7 Crimes Act 1961, s 232(1)(b).
8 O’Connor v R [2014] NZCA 328, (2014) 27 CRNZ 302.
9 Mako v R [2000] 2 NZLR 170 (CA), (2000) 17 CRNZ 272 at [65]–[66].
with her relatively good record. But here, theory and practice part company. The appellant chose to return to the victim’s home. An element of premeditation attached to her offending. Moreover, the appellant was the ringleader. She had been evicted from the party, and said she would return with others. She did just that. The appellant kicked the door in. And she entered the home first. Her actions encouraged serious violence. She engaged in that too: she kicked a female victim to the head while the victim was on the ground. The Judge gave modest discount under this head. On the facts, that approach was open.
[19] Pregnancy. Unless the appeal is allowed and home detention substituted, the appellant will give birth in prison. This is her first child. Ms Freyer submits greater weight should have been afforded to this factor. Giving birth in a penal institution is far from ideal, and no Judge wants to impose a sentence which leads to that consequence. However, case law does not support Ms Freyer’s proposition; at least in the absence of exceptional circumstances or clear evidence the sentence will be
appreciably more severe because of pregnancy or childbirth.10 Neither factor was
advanced, at least with reference to applicable evidence. In the absence of either, the issue is a matter for the Department of Corrections as one affecting sentence administration.11 Again, the Judge did not err.

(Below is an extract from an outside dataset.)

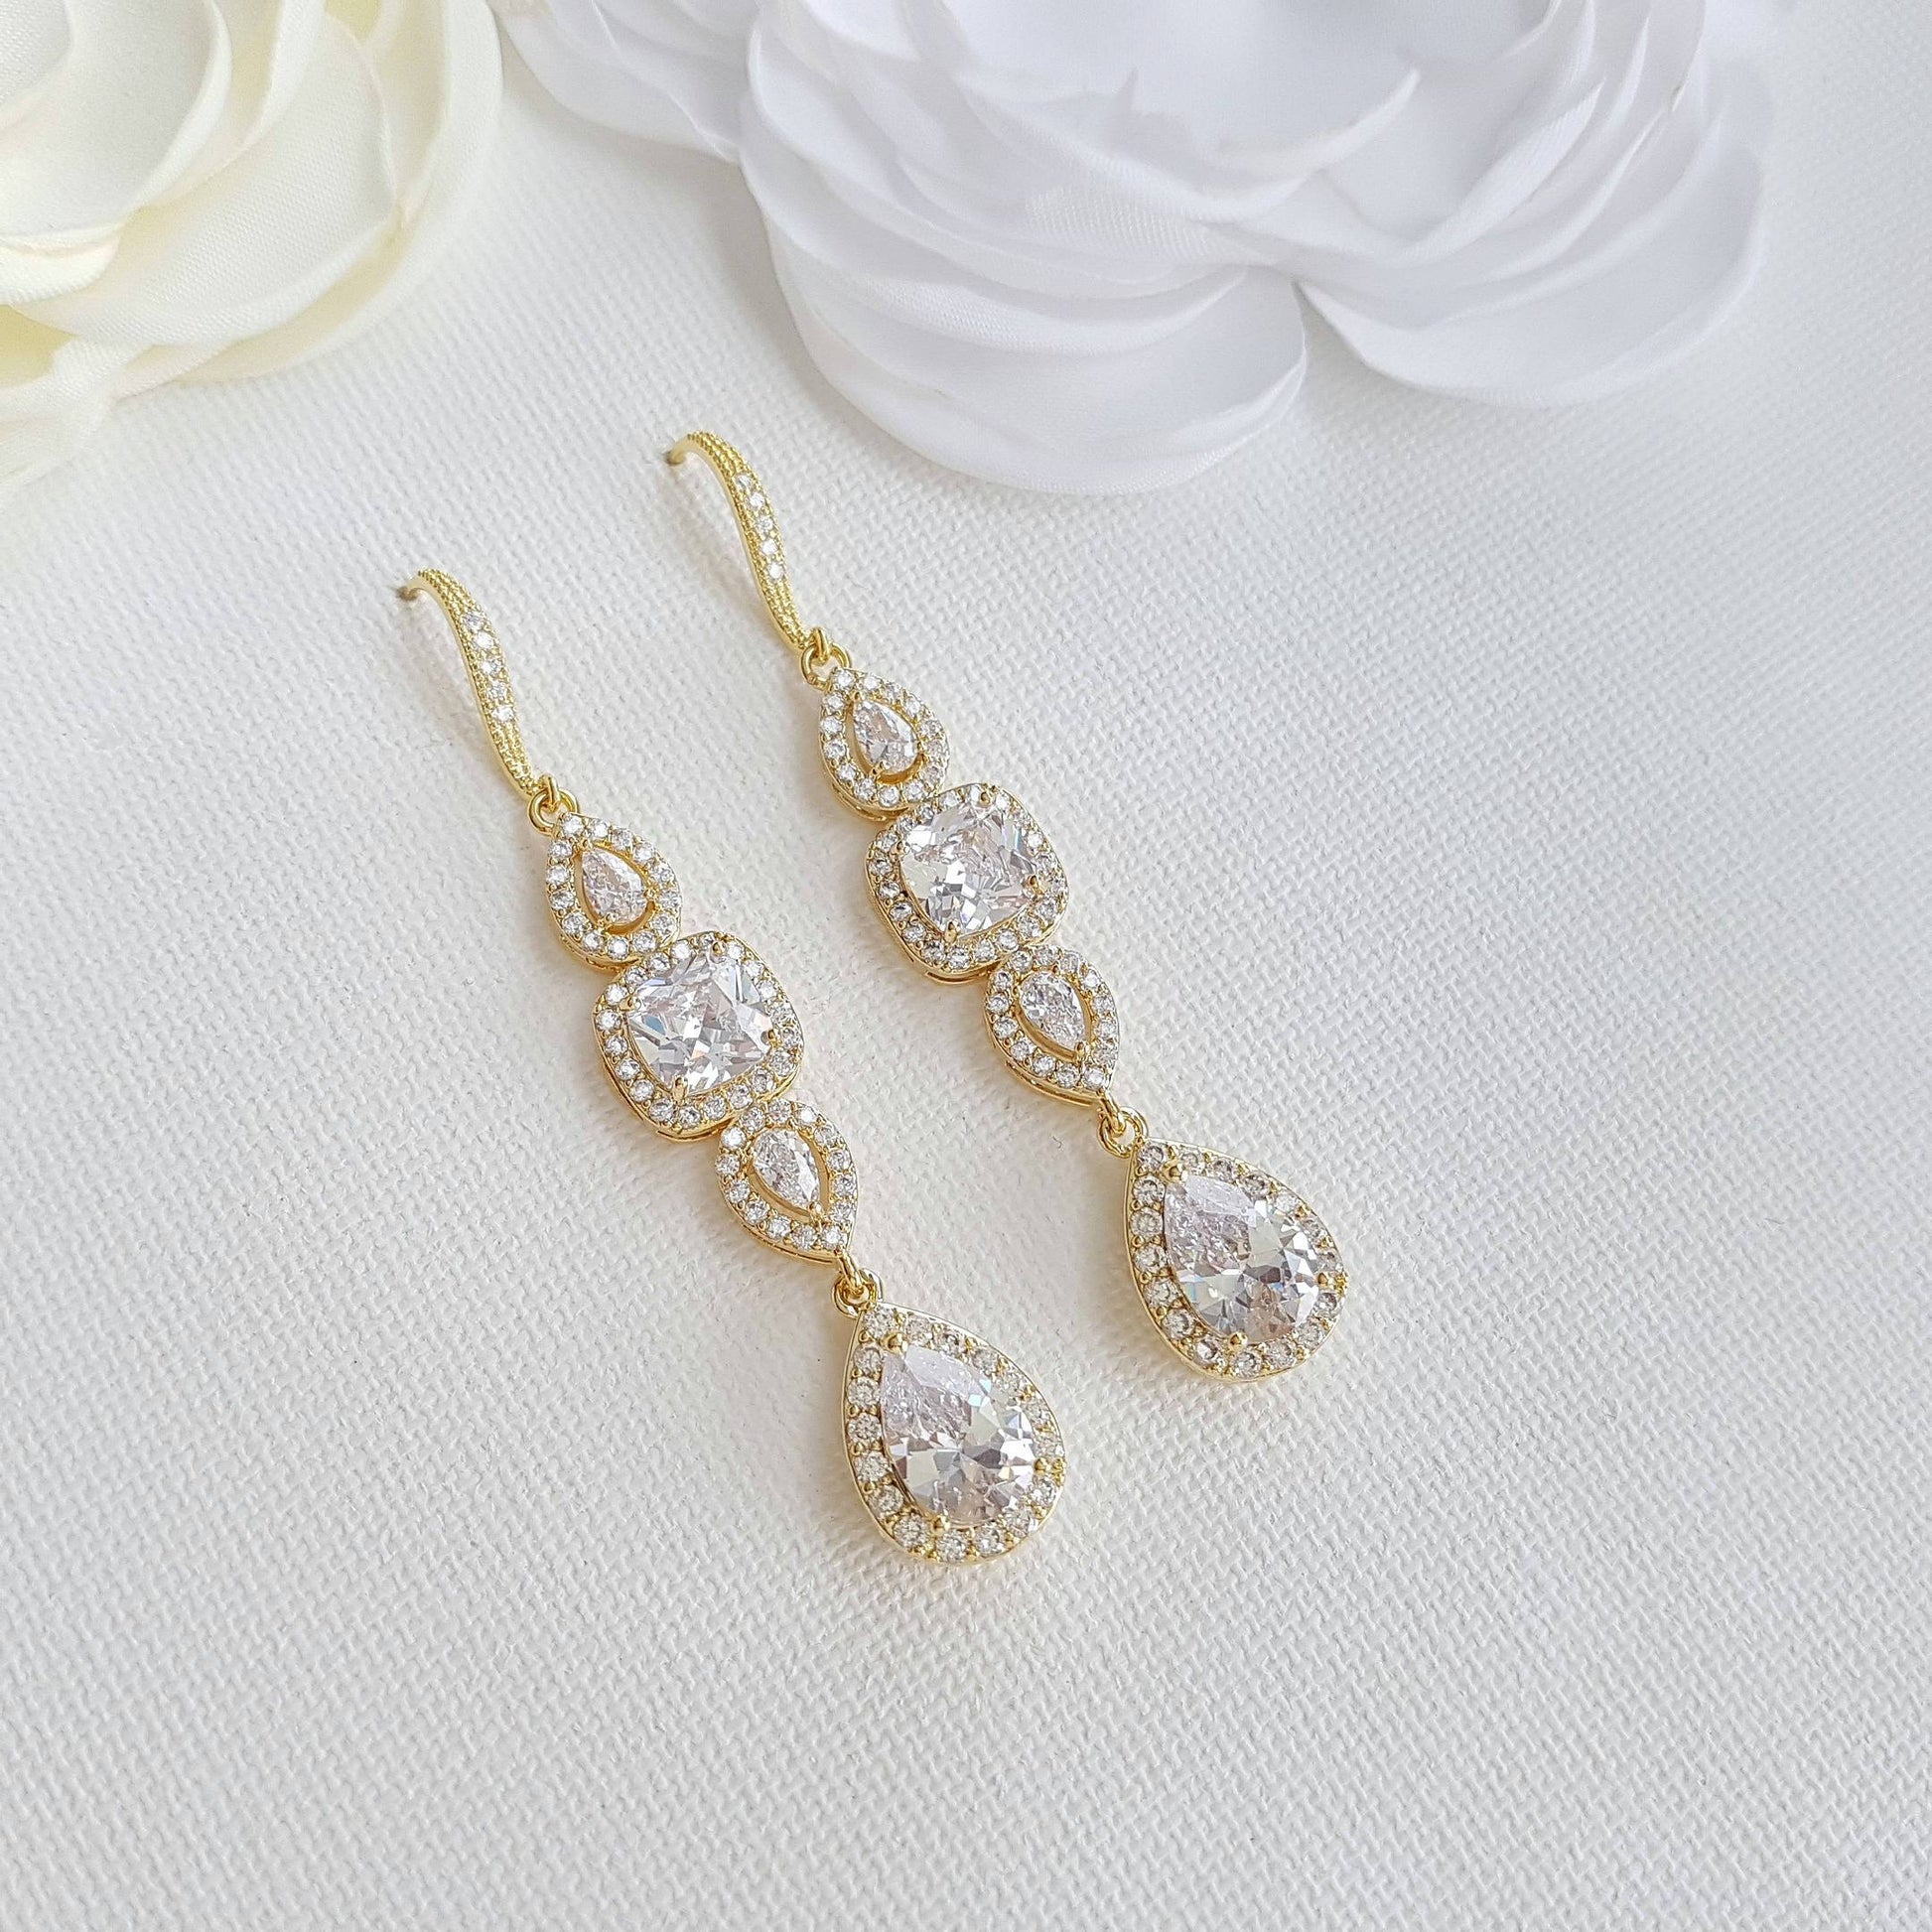 Gold Drop Earrings Weddings- Gianna - PoetryDesigns

[20] No offer of reparation was made to the District Court. On appeal, Ms Freyer submitted the appellant’s offer to pay reparation of $2,500 was mitigating.12 She submitted no money had been available at the original sentencing. I accept this submission, but it carries little weight. The appellant minimised the offending to the probation officer, expressed surprise Police had been called, and said the use of violence was “acceptable”. She did, however, express regret “things got out of
hand”. This is understatement.
10 R v Curd (1992) 10 CRNZ 78 and Neilson v Police [2015] NZHC 2502.

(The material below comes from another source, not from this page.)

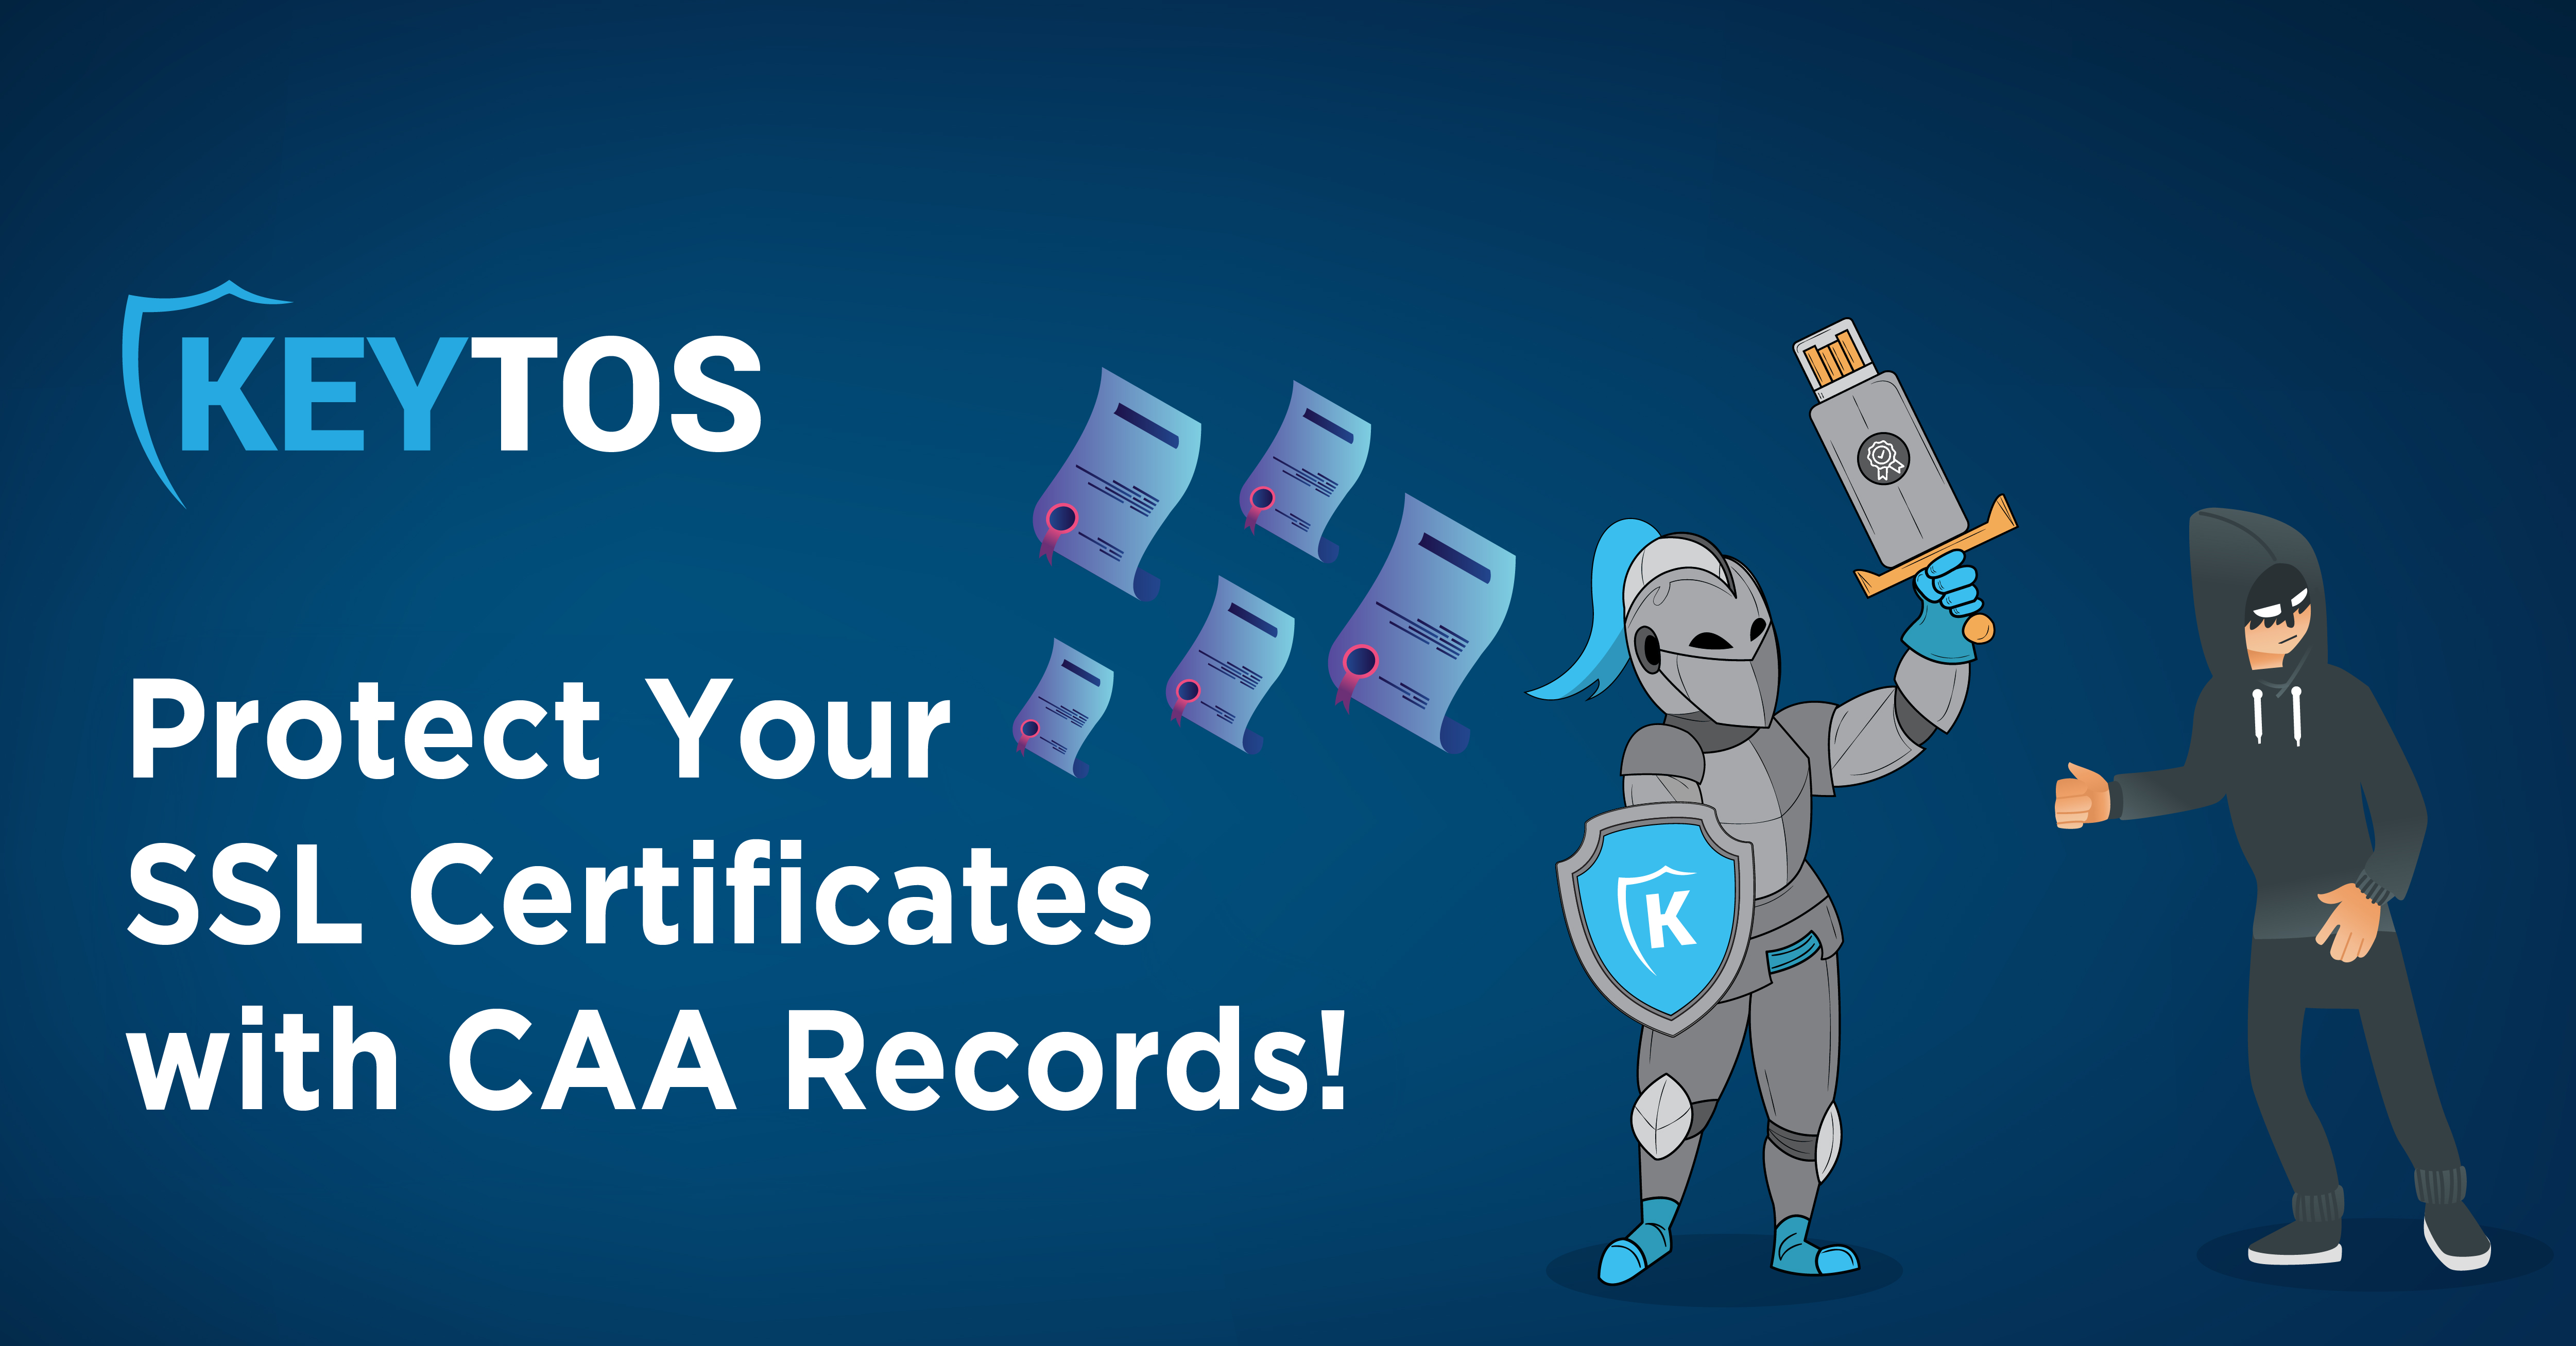 ¡Proteja sus Certificados SSL con Registros CAA!

11 See Corrections Act 2005, ss 81A-81C.
12 The appellant also sought leave to tender fresh testimonial evidence. Ms Freyer properly accepted the material was not fresh and a miscarriage of justice would not arise in its absence. I declined to admit it, but the result would not have changed had I done so. The testimonials speak to the appellant being a good employee, and to her remorse. The latter sits awkwardly with the pre-sentence report.
[21] The issue of home detention is not reached. And nor should sentences be constructed with that outcome in mind. But even if the jurisdictional threshold had been crossed, home detention would not be commensurate with the gravity of the offending. I acknowledge Judge Dawson imposed that sentence upon the appellant’s brother “by the narrowest of margins”. But Mr Fifita faced one fewer injuring charge. And, critically, he was not the ringleader.

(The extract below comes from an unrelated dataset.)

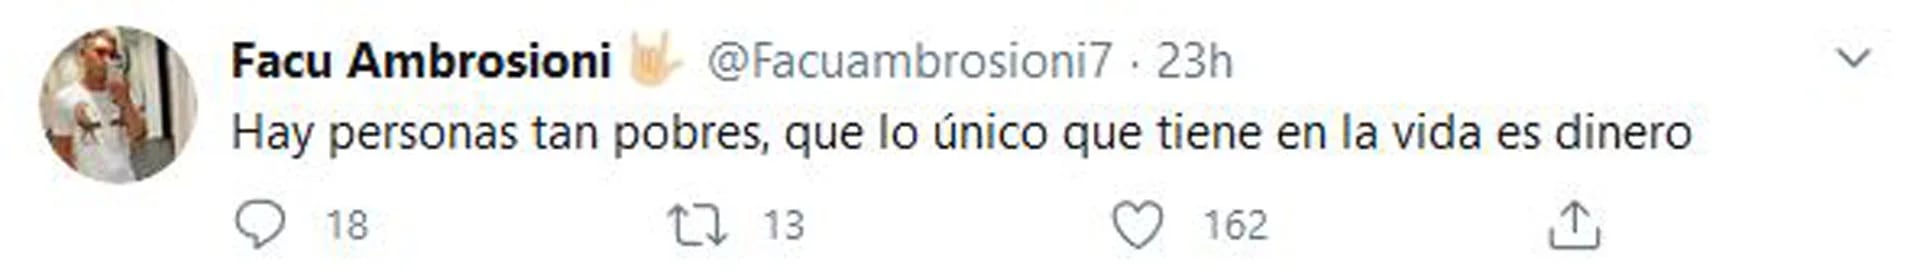 Facundo Ambrosioni publicó un mensaje sin mencionar a More Rial (Foto: Twitter)

[22] In any event, there is now a clear line of authority the parity principle does not permit the reduction of an otherwise proper sentence to match a less than adequate sentence in relation to a co-offender.13 The disparity is not “gross” either.14
[23] The appeal is dismissed and bail rescinded. The appellant must present herself to the Criminal Registry of the Auckland High Court by 10 am on Wednesday
14 December 2016.
……………………………..
Downs J
13 Osman v R [2012] NZCA 32 at [42].
14 R v Rameka [1973] 2 NZLR 592 (CA) at 594.